Example script for fine-tuning on a new destination language
#4
by
gmallen
- opened
Hi! Can you provide an example script for fine-tuning the model on a new language?
Thanks,
Hi @gmallen ,
To get started, please take a look at this, it's my implementation,(Contains only important config/format I used) not official.

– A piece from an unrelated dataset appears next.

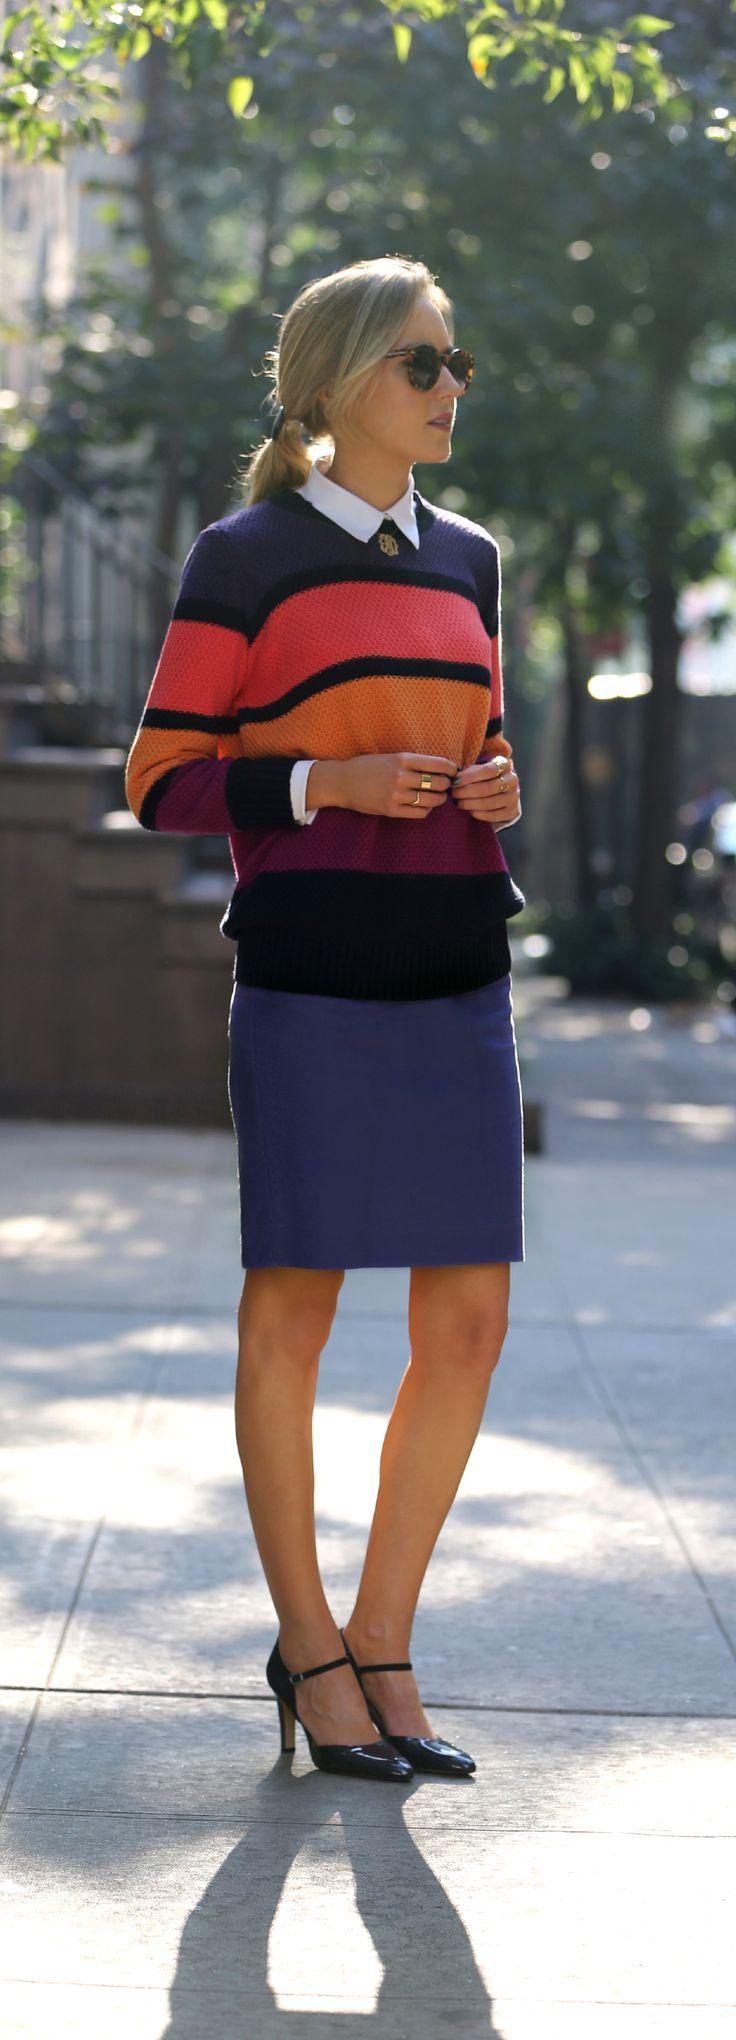 Best 25 brooks brothers women ideas on pinterest party wear blazers brooks brothers and - Brooks brothers corporate office ...

- Set model_id and new_lang_code
- Model loading: This is optimised to via Unsloth, just so that it runs in colab
model, tokenizer = FastLanguageModel.from_pretrained(
model_name = MODEL_ID,
max_seq_length = 2048,
dtype = None,
load_in_4bit = True,
) - Apply LORA adaptors. (Standard procedure)
- Data Formatting. (Must wrap our raw text in the exact JSON schema the model expects)
def format_to_google_schema(examples):
texts = []
for source, target in zip(examples['en'], examples['target']):
json_payload = json.dumps([
{
"type": "text",
"source_lang_code": "en",
"target_lang_code": NEW_LANG_CODE,
"text": source
}
], ensure_ascii=False)
full_prompt = f"user\n{json_payload}\nmodel\n{target}"
texts.append(full_prompt)
return {"text": texts}
- Dataset, use your JSONL loading logic
- Training loop, use SFTTrainer or nay other to create trainer you are comfortable with.
trainer.train() - Inference check: FastLanguageModel.for_inference(model)
- That's all, create inputs, json payloads and prompt and save the model.
The training objective is standard casual language modeling, but strict adherence to the JSON format is non-negotiable.
Please refer to Gemma cookbook for more details on required structure.
Please reach out if you need further help.